◆ Exercise
Give again, word for word, every line below from the one that has "Best Workplaces for" through the one that has "2512-54164 Geoperformance Drilled/Slotted", both included, and no others.

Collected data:
***

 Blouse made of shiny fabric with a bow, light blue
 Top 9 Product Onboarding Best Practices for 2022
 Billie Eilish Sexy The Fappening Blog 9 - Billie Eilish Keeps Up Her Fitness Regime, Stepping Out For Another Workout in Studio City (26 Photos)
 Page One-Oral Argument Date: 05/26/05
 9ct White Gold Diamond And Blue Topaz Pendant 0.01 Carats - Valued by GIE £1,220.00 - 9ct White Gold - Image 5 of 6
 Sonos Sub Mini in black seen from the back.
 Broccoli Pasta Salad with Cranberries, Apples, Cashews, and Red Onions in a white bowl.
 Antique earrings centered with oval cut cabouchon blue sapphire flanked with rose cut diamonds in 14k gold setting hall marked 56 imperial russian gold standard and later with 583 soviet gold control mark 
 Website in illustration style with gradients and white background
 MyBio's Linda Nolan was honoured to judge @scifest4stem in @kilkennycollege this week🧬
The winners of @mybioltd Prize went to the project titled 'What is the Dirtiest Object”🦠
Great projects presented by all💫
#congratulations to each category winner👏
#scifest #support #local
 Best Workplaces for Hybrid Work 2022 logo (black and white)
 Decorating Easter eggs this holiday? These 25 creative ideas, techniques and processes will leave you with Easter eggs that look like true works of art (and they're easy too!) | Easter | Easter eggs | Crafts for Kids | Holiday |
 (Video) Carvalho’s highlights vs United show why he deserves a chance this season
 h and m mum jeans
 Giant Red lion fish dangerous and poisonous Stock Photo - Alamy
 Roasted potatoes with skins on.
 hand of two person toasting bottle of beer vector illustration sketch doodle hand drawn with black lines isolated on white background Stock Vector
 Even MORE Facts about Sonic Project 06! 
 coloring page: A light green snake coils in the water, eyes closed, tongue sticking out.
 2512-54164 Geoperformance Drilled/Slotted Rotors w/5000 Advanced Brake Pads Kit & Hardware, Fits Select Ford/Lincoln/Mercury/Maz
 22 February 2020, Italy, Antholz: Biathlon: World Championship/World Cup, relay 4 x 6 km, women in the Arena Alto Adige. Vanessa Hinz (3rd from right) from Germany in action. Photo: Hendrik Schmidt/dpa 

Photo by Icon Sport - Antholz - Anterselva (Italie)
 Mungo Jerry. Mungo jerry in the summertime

***

◆ Your solution
 Best Workplaces for Hybrid Work 2022 logo (black and white)
 Decorating Easter eggs this holiday? These 25 creative ideas, techniques and processes will leave you with Easter eggs that look like true works of art (and they're easy too!) | Easter | Easter eggs | Crafts for Kids | Holiday |
 (Video) Carvalho’s highlights vs United show why he deserves a chance this season
 h and m mum jeans
 Giant Red lion fish dangerous and poisonous Stock Photo - Alamy
 Roasted potatoes with skins on.
 hand of two person toasting bottle of beer vector illustration sketch doodle hand drawn with black lines isolated on white background Stock Vector
 Even MORE Facts about Sonic Project 06! 
 coloring page: A light green snake coils in the water, eyes closed, tongue sticking out.
 2512-54164 Geoperformance Drilled/Slotted Rotors w/5000 Advanced Brake Pads Kit & Hardware, Fits Select Ford/Lincoln/Mercury/Maz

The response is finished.